Das Chanson, wie Meret Becker es singt, ist eigentlich auch nie besonders glatt oder gar glamourös. Es ist vor allem mit Geräuschen verbunden. Der Klang der singenden Säge, die immer mal im Hintergrund wimmert. Oder das Scheppern zerschmetternder Glasflaschen. Oder die simplen Melodien einer Spieluhr oder die Klavierpassagen, die – wie bei den alten Stummfilmen – die Spannung der Erzählungen steigern. Dennoch ist kein Ton zuviel.

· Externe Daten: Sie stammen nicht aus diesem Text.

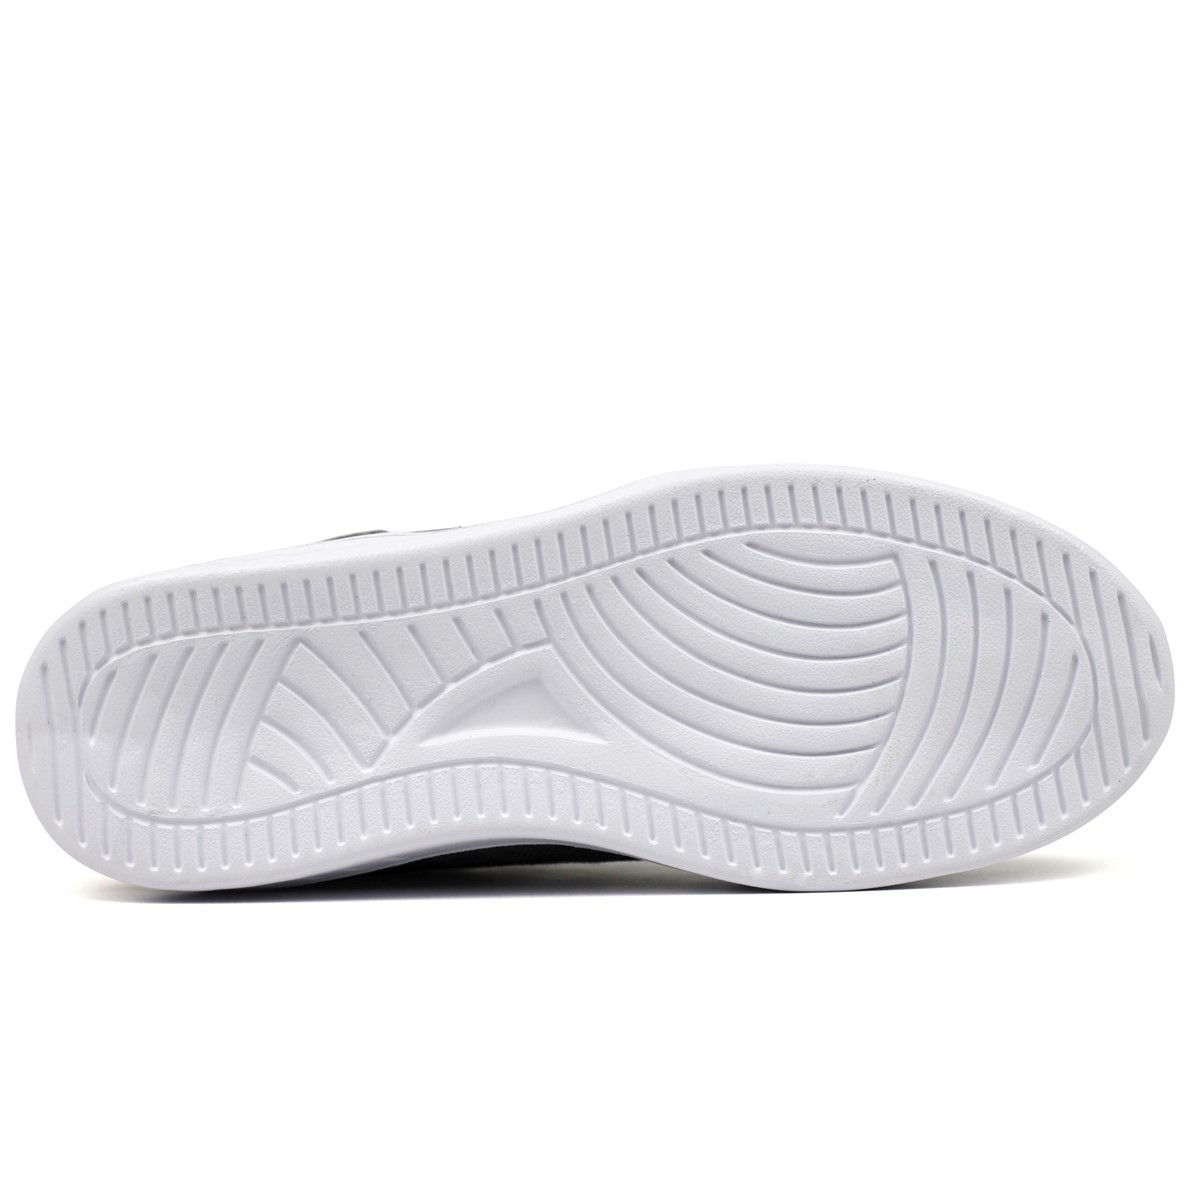 Flo Crosberg JAWA Spor Sneaker Ayakkabı Erkek Antrasit Beyaz. 4

Mal Diva, mal wisperndes Mädchen

Wenn Meret Becker ihre Lieder auf französisch singt, fährt die Stimme in den Keller, klingt ganz rauh und tief mit einem unsäglichen deutschen Akzent, wie es etwa die Knef oder die Dietrich schon getan haben. Doch die Ähnlichkeit zu diesen Diven gerät spätestens dann wieder in Vergessenheit, wenn sich ihre wispernde Kleinmädchenstimme wieder meldet. Der permanente Wechsel ihrer Stimmlage ist übrigens eine Marotte, und zwar nicht nur auf der Bühne. Sie redet immer so. Als schlüpfe sie während eines Gesprächs gleich in verschiedene Rollen. Das klingt lustig. Und sonderbar zugleich. Man kann es sich schon vorstellen, wie sie später ihre Kinder mit Gutenachtgeschichten das Fürchten lehrt: „Kinderstimmen kommen einfach geil beim Horror. Mit Geistern und anderen Untoten verbindet man schließlich immer kleine Kinder.“ Erwachsene sind da wohl viel zu irdisch.